A Noite das Bruxas é excelente. É muito bem feito, bem dirigido, com ótimo design de produção, e como de praxe, um elenco estelar. O diretor Branagh fez mais uma vez um grande trabalho aqui, tanto atuando, quanto dirigindo. Mesmo não tendo assistido a todos os seus filmes, eu sei o grande cineasta que ele é, principalmente quando resolve se aventurar no universo de Shakespeare, por exemplo. Mas devo dizer que ele também encontrou seu lugar no “Agathaverso”, e espero que continue assim.

 

Como de costume, temos aqui uma história de mistério, contada com a maestria que a autora sabia empregar em suas obras – só digo isso com base na leitura do livro que originou o primeiro filme desse universo, que vai ganhar releitura e resenha aqui. No entanto, ao contrario das demais, aqui temos também uma leve história de terror, com fantasmas e lugares amaldiçoados. Novamente, não sei como é no livro original, mas devo dizer que achei a ideia de um palazzo assombrado genial, quase igual aos filmes de terror gótico realizados na Itália nos anos 60.

 

Eu gostei bastante da ambientação e do cenário. Parecia mesmo uma casa assombrada há séculos, do tipo que ganham fama com o boca-a-boca. E claro, o fato de ambientar a historia no Dia das Bruxas foi outro acerto, porque deu voz àquela velha regra, a de que as assombrações são mais fortes na Noite das Bruxas.

 

E como é um filme de Dia das Bruxas – sim, é um filme de Dia das Bruxas! – temos tudo que se espera de um filme como esse.
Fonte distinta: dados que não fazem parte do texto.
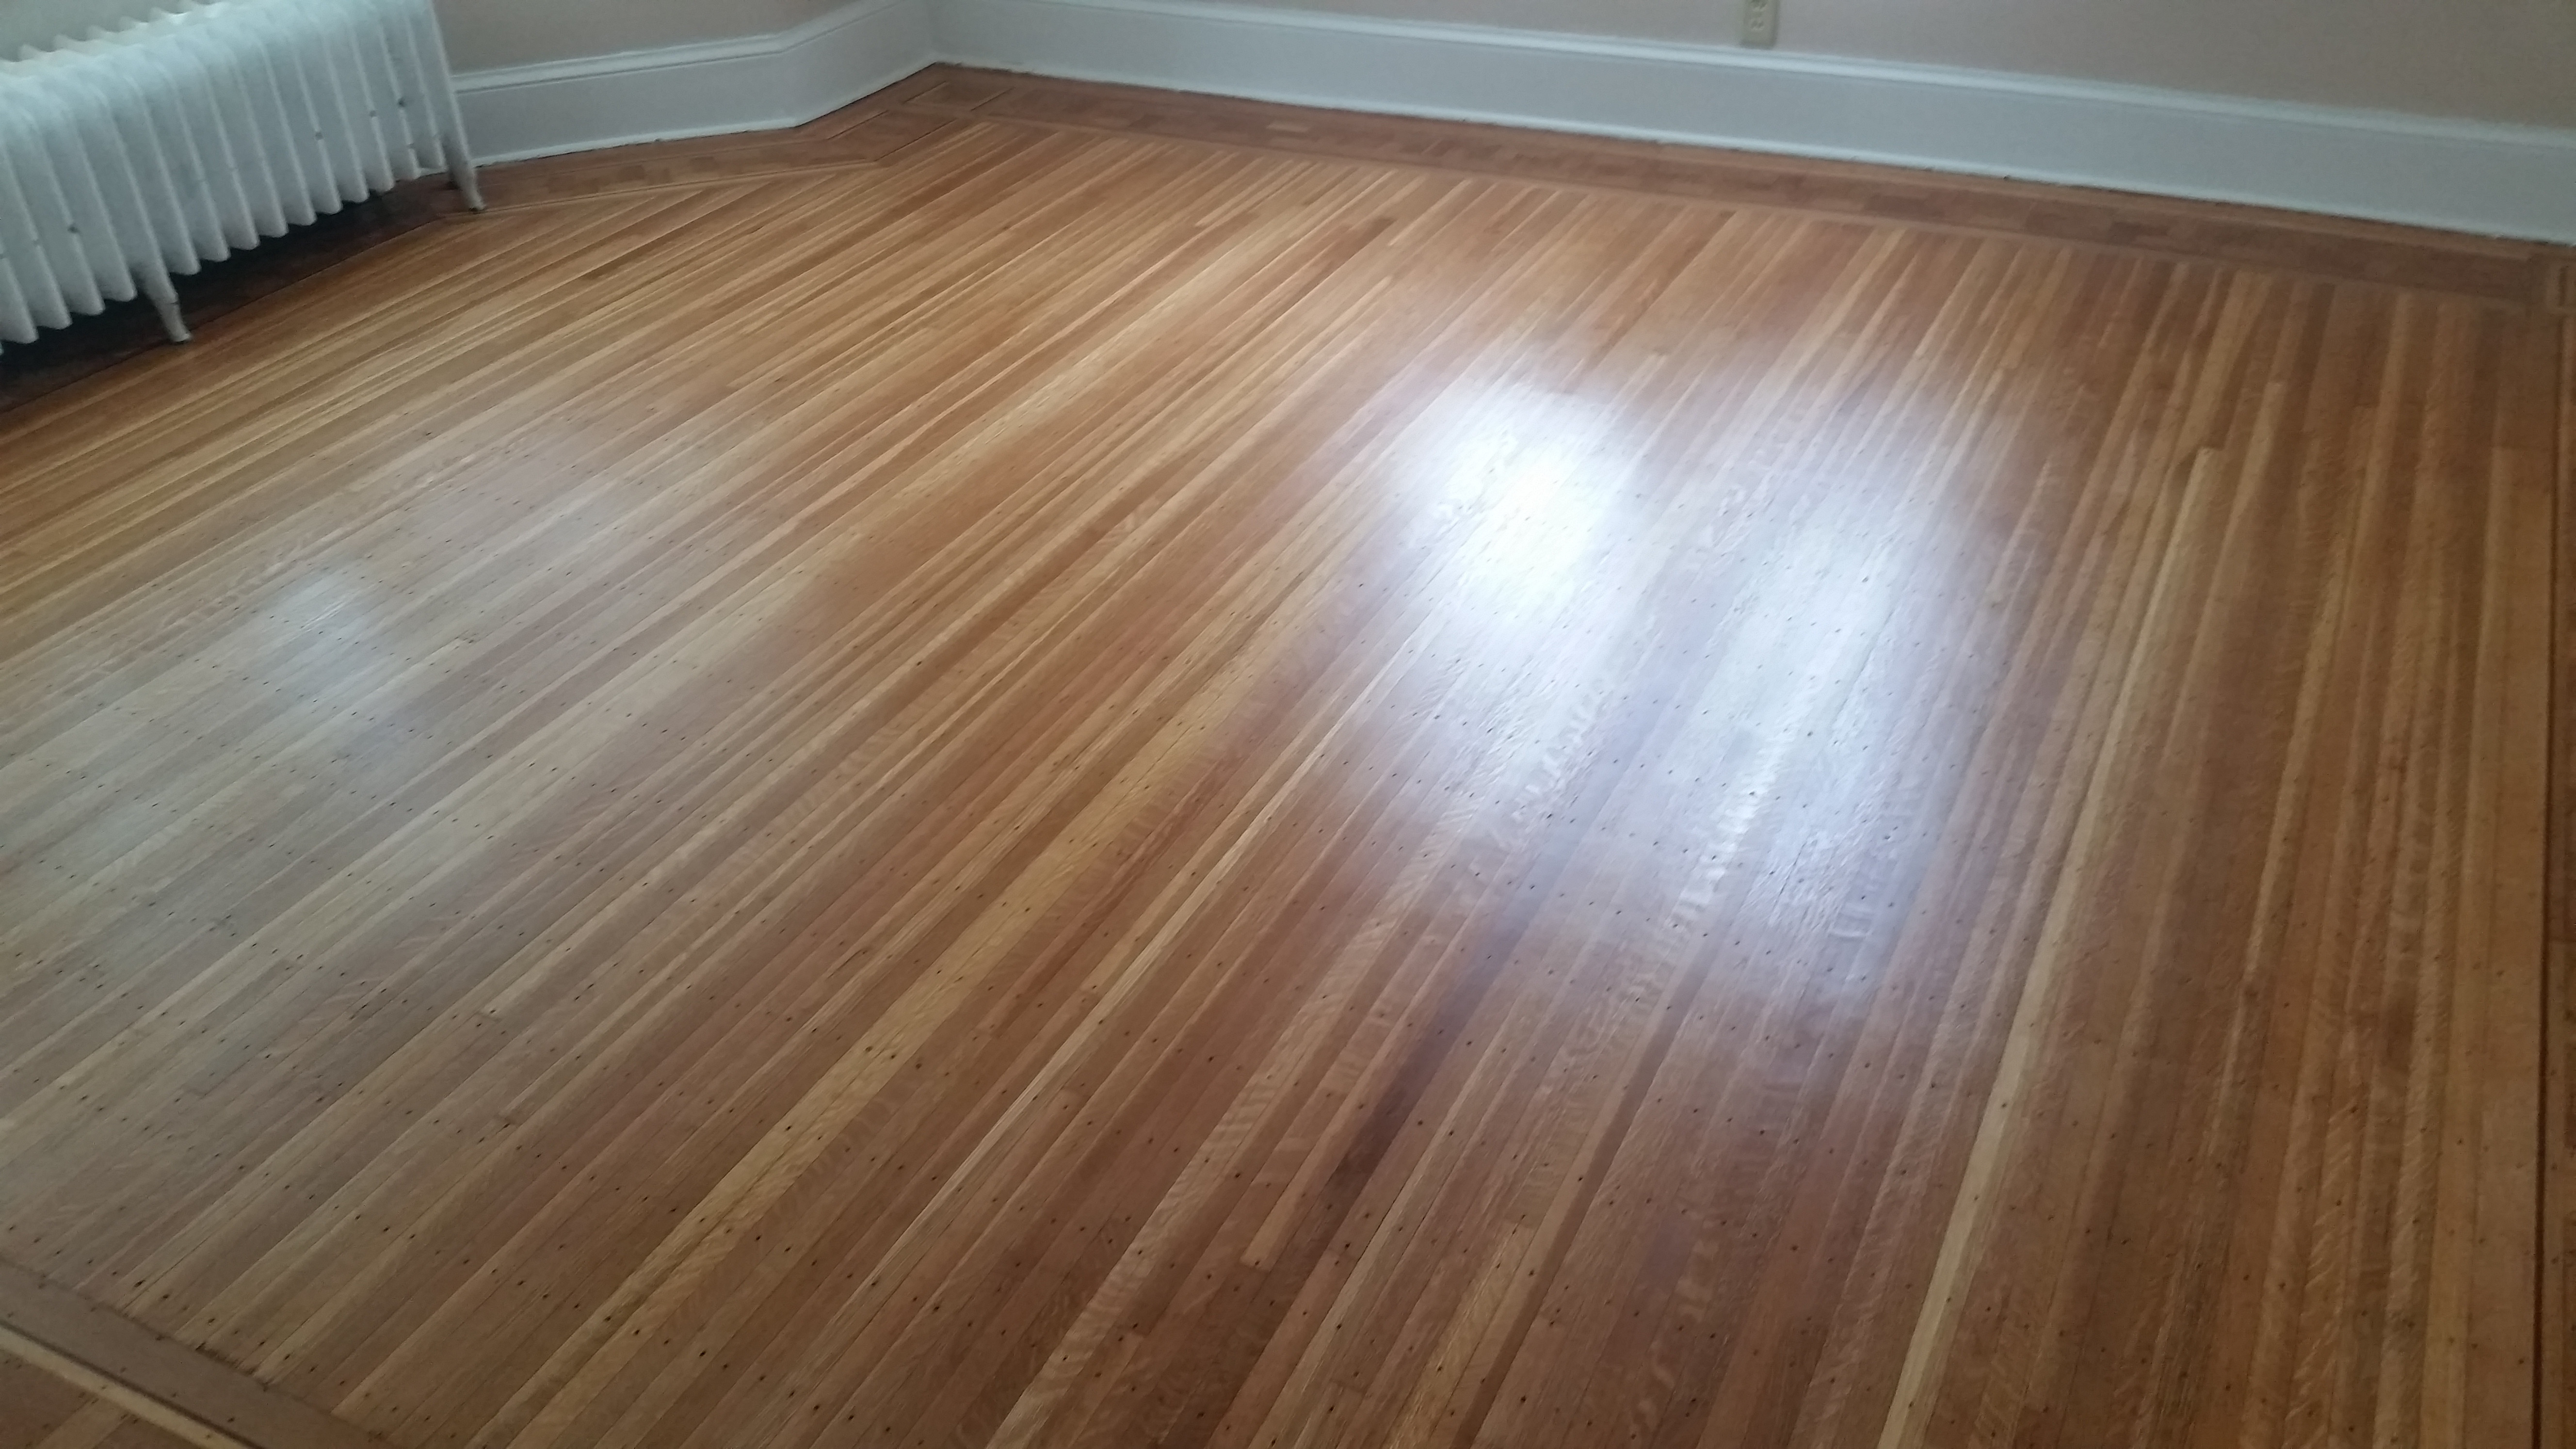 17 Spectacular Hardwood Floor Repair Companies Near Me

Isso porque a história começa com uma festa de Dia das Bruxas, dada pela dona do palazzo, a Srta. Rowena Drake. No entanto, a festa é apenas um disfarce para uma sessão espirita, que terá como convidada, a médium Joyce Reynolds, que está ali com o pretexto de entrar em contato com a filha da Srta. Drake, que morreu misteriosamente anos antes. Mas pode esperar por mais, principalmente um mistério de assassinato – obviamente, não direi quem morreu e quem matou – que obriga Poirot a sair da aposentadoria.

 

E vou parar por aqui, pois não vou entregar detalhes da trama. O filme acabou de estrear no cinema, então, corra para a sala mais próxima e confira por si mesmo.

 

Como já mencionei, o filme possui alguns elementos de terror, e isso se deve principalmente à ideia de um lugar assombrado por fantasmas, o que culmina em algumas aparições durante a projeção, e jump-scares espertos. Sim, temos jump-scares, mas eles são muito diferentes dos usados no cinema atualmente. E a presença de figuras vestidas de preto, usando as famosas máscaras também contribui para deixar o filme mais assustador.

 

Além disso, é um filme que se passa todo durante a noite, uma noite chuvosa, que obriga os personagens a ficarem trancados no palazzo, reaproveitando uma técnica narrativa utilizada no primeiro filme – os personagens ficam presos por causa de um evento natural, no caso, uma tempestade. E tal fato contribui para deixar a trama ainda mais claustrofóbica, com Poirot interrogando os suspeitos, um por um, de diferentes métodos, até que um ou mais acabem agindo de forma suspeita e quase revelando demais. E claro, a lista de suspeitos é enorme.

 

O elenco também é um grande destaque, novamente composto por grandes astros do cinema, como de costume. Todos os atores estão muito bem aqui, e não passam a sensação de atuação forçada ou caricata; eles realmente passam tudo o que os personagens devem passar, conforme está escrito, tanto no livro, quanto no roteiro. E é sempre bom ver atores de outros gêneros em papéis fora de sua zona de conforto.

 

E antes de encerrar, conforme mencionei acima, o filme despertou minha memoria por causa de sua ambientação em Veneza. Durante toda a projeção, eu tive a impressão de estar assistindo a um Giallo, principalmente Quem a Viu Morrer? (1971), do diretor Aldo Lado; ou então, ao filme Inverno de Sangue em Veneza (1973). Tal sensação foi muito boa, e despertou em mim a vontade de assistir a esses filmes novamente.

 

E que venham mais filmes do “Agathaverso”!

 

Enfim, A Noite das Bruxas é um filme excelente. Uma historia de mistério e horror contada com a maestria do cineasta Kenneth Branagh, que brilha novamente no papel do detetive Poirot. A ambientação em Veneza também é um atrativo, em especial o cenário principal, que passa uma sensação de medo, misturada com desconforto e claustrofobia. E o elenco também não faz feio, com seus nomes de peso, como é costume nas adaptações da autora Agatha Christie. Um filme excelente e assustador. Altamente recomendado.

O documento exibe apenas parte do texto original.